Multi-Vector Benchmark Results¶
Comprehensive benchmarking shows multi-vector consistently outperforms single-vector:
70-case German dataset:
| Mode | Strategy | MRR | Hit@1 | Hit@10 |
|---|---|---|---|---|
| single-vector | - | 0.805 | 71.4% | 98.6% |
| multi-vector | label_synonyms_max | 0.976 | 95.7% | 100% |
200-case German dataset:
| Mode | Strategy | MRR | Hit@1 | Hit@10 |
|---|---|---|---|---|
| single-vector | - | 0.824 | 74.0% | 95.0% |
| multi-vector | label_synonyms_max | 0.937 | 91.0% | 98.0% |
| multi-vector | label_only | 0.943 | 92.0% | 97.5% |
| multi-vector | all_max | 0.934 | 90.5% | 98.5% |
| multi-vector | all_weighted | 0.894 | 84.5% | 96.0% |
Key findings:
- Multi-vector improves MRR by +13-21% over single-vector
- label_synonyms_max and label_only are the best strategies
- all_weighted underperforms (definition dilutes signal)
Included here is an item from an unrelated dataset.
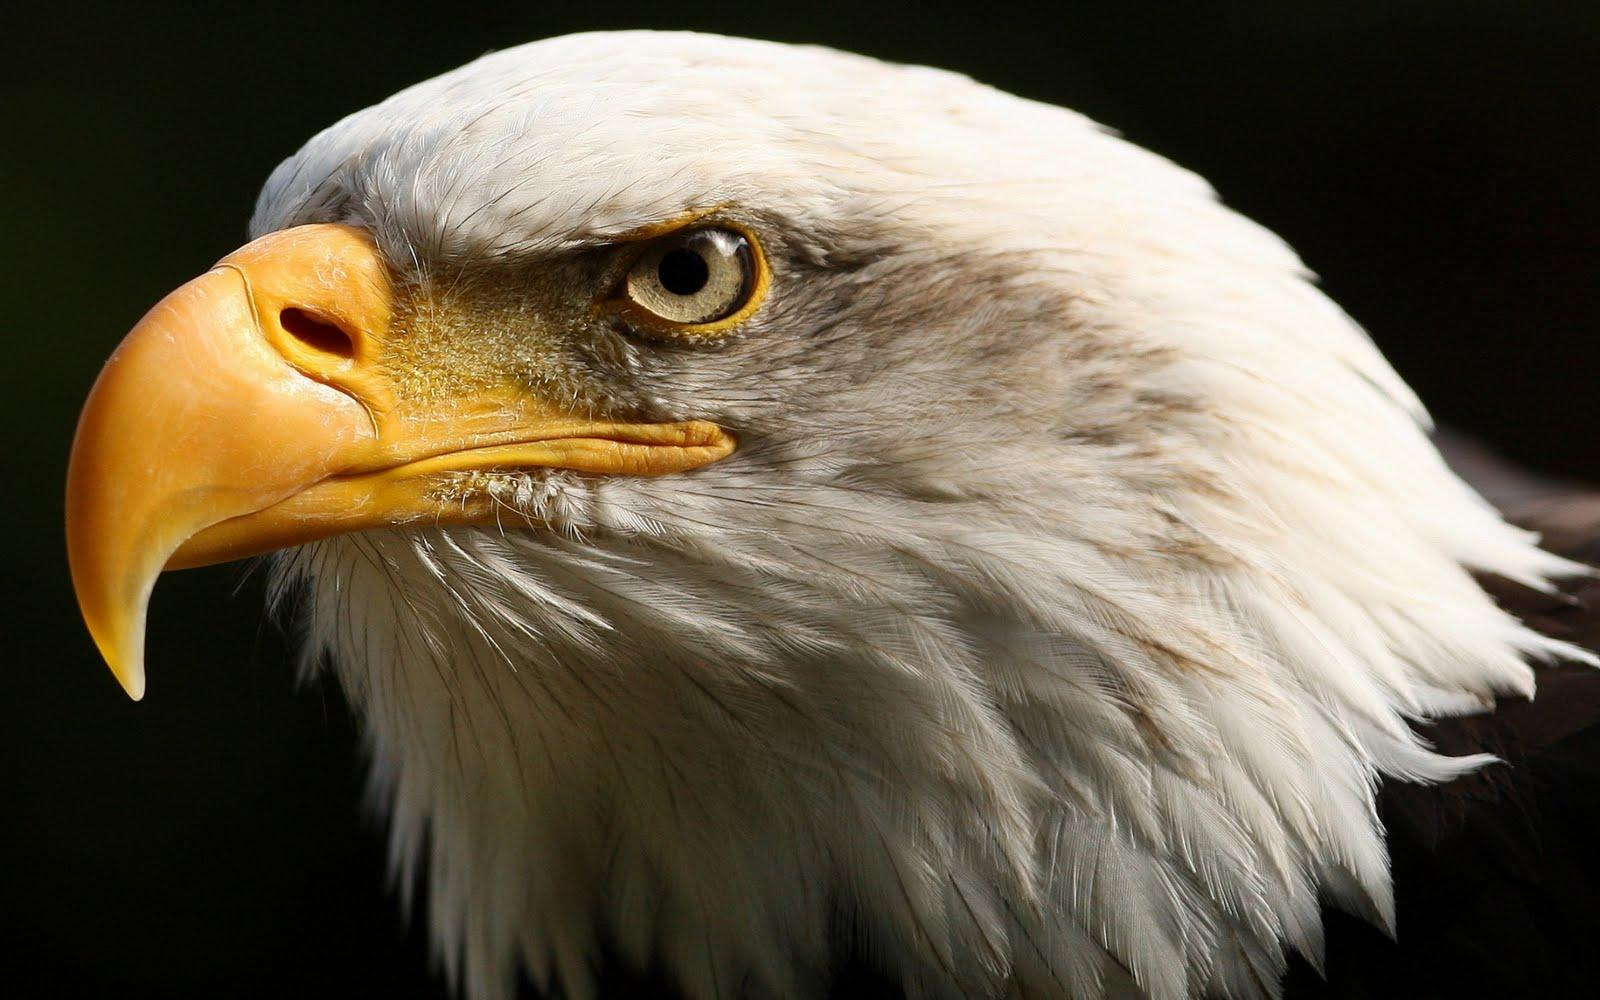 Best Javan Hawk-Eagle Wallpaper Picture #2479 Wallpaper | High ...

- Multi-vector achieves near-perfect Hit@10 on most datasets
Trade-offs¶
| Aspect | Single-Vector | Multi-Vector |
|---|---|---|
| Index size | ~50-100 MB | ~250-500 MB |
| Build time | ~2-5 min | ~10-30 min |
| Query latency | ~30ms | ~40-50ms |
| Retrieval quality | Good | Excellent |
Multi-vector is recommended for production use cases where retrieval quality is critical.